We compared the transcriptomes and microRNAomes of the cultured E. granulosus PSCs harvested at 1, 7, and 14 days after culture in medium with (early adult worm development) or without (early cystic development) dog bile salt. A total of 394.92 million and 210.72 million Illumina raw reads were respectively generated from the transcriptomic and microRNAomic libraries. The raw reads were deposited in the National Center for Biotechnology Information Sequence Read Archive under the accession number PRJNA610943. After removing low-quality sequences, adaptor contaminants and small reads (less than 40 bp in RNA-seq and 18 nts in small RNA-seq), we obtained 352.59 million and 163.95 million clean reads, respectively. Of these reads, an average of 65.63% and 51.12% could be mapped to the E. granulosus genome (Table 1).

TABLE 1.

Data summary of the E. granulosus transcriptome and microRNAome.

Samples ID RNA Sequencing Small RNA Sequencing

Total Clean Reads High Quality Reads Genome Mapped (%)* High Quality reads Transcripts mapped (%)# Total Clean Reads (18−30 nt) High Quality Reads Genome Mapped (%)* High Quality Reads miRNAs Mapped (%)#
0 h 56,805,518 41,477,149 (73.02%) 27,483,646 (66.26%) 24,185,579 13,168,238 (54.45%) 7,249,946 (55.05%)
NSD
24 h 45,865,714 27,534,887 (60.03%) 20,807,190 (75.57%) 22,664,542 13,374,352 (59.01%) 8,162,254 (61.03%)
7 days 47,387,288 30,641,662 (64.66%) 21,343,889 (69.66%) 22,053,979 12,312,969 (55.83%) 6,996,764 (56.82%)
14 days 55,597,998 38,266,289 (68.83%) 28,976,806 (75.72%) 22,113,695 11,027,824 (49.87%) 5,184,590 (47.01%)
SSD
24 h 55,037,642 33,752,124 (61.33%) 19,137,393 (56.70%) 21,173,443 10,502,453 (49.60%) 3,546,522 (33.77%)
7 days 48,910,972 28,462,253 (58.19%) 18,073,569 (63.50%) 26,331,190 9,608,894 (36.49%) 5,773,972 (60.09%)
14 days 42,987,048 31,534,216 (73.36%) 23,182,955 (73.52%) 25,430,586 13,366,873 (52.56%) 6,859,834 (51.32%)

NSD, PSC without strobilization stimulus (no bile salt added); SSD, PSC with strobilization stimuli (bile salt added). * The percentages were calculated by dividing the counts of total clean reads. #The percentages were calculated by dividing the counts of high quality reads genome mapped.

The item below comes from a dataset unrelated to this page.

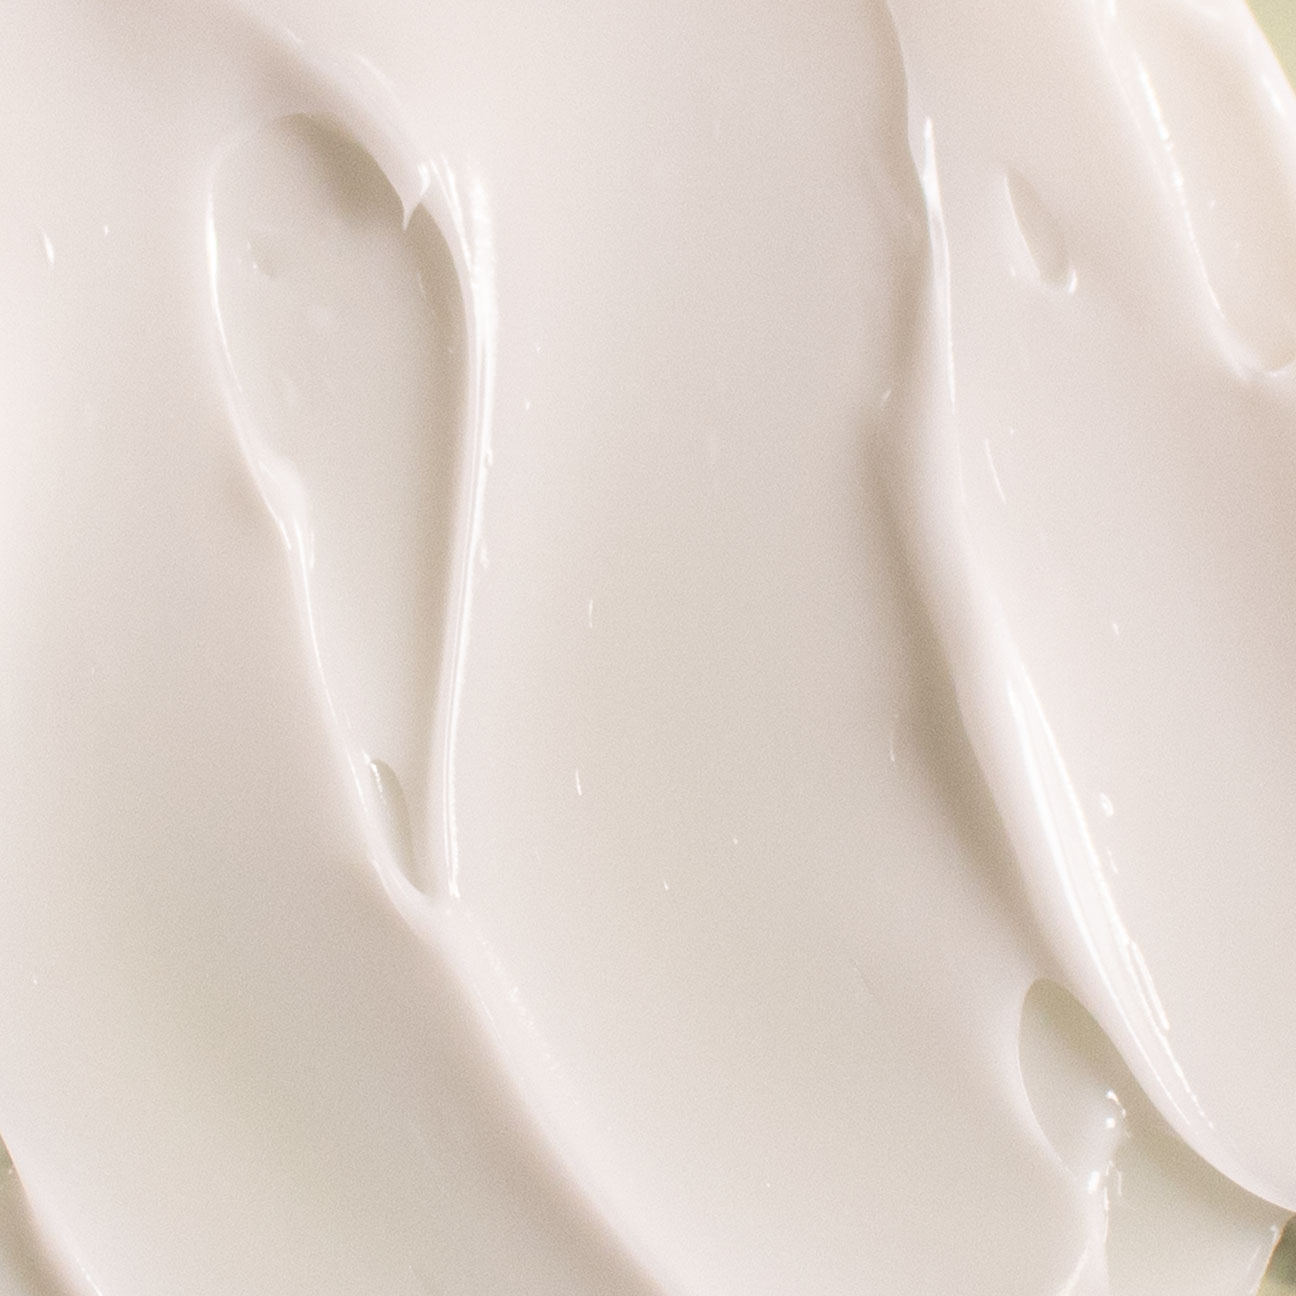 Vegan Fermented Cream image 2

Due to the absence of sufficient information about alternative splicing isoforms and 5′ and 3′ untranslated regions (UTR) in current E. granulosus annotations, we performed both a de novo as well as a genome-guided assembly (ASM52419v1) to reconstruct the gene transcripts and then combined the outputs using the PASA pipeline. There were respectively 113,141 and 93,584 transcripts identified using these two assembly methods (Supplementary Table S1). We further combined them with known genome annotations, and identified 185 of 11,329 predicted genes that merged with neighboring genes. Furthermore, a total of 5,460 genes were re-annotated gene constructions. Among these, 3,219 genes were determined to have alternative splicing events, and 4,795 and 4,859 genes were found containing 5′-UTRs and 3′-UTRs, respectively. Supplementary Figure S1 shows the length distribution of the annotated E. granulosus 3′-UTR sequences. A major proportion (90.44%) of the 9,839 3′-UTRs was shorter than 4,000 nucleotides. The median length of the total set of 3′-UTRs was 1,027 nucleotides and the average GC content was 42.45%. We then mapped the high quality sequence reads to the E. granulosus transcriptome. The alignment summary metrics are shown in Table 1. After elimination of ambiguous sequence matches, more than 18 million reads were mapped in each library. The number of sequence reads mapped per gene varied from one to >740,000.

For miRNA sequencing, we discarded all known non-coding RNAs, such as rRNA, tRNA, snoRNA, repeat-associated RNA, and degraded fragments of mRNAs. The remaining 70.82 million high quality sequences were used to search for both known and novel miRNAs. To date, there are 111 miRNA precursors of E. granulosus identified in the miRBase database. They could encode 218 mature miRNAs or miRNA stars sequences. By deep sequencing, we found that more than 40% high quality sequences were matched to the known miRNA precursors in each library (Supplementary Table S2). A total of 167 known mature miRNAs or miRNA stars were identified in the present study. miR-71-5p and miR-1-3p were the most abundant in all libraries. After using miRDeep2 to predict novel miRNA precursors, we identified 7 miRNA candidates (Supplementary Table S3). Among these, the mature sequence miR-10450b sequence was highly consistent with miR-10450a in the 5′ arm, and these were classified into the same miRNA family. None of the others showed homology with any other metazoan miRNAs and were thus defined as E. granulosus specific miRNAs.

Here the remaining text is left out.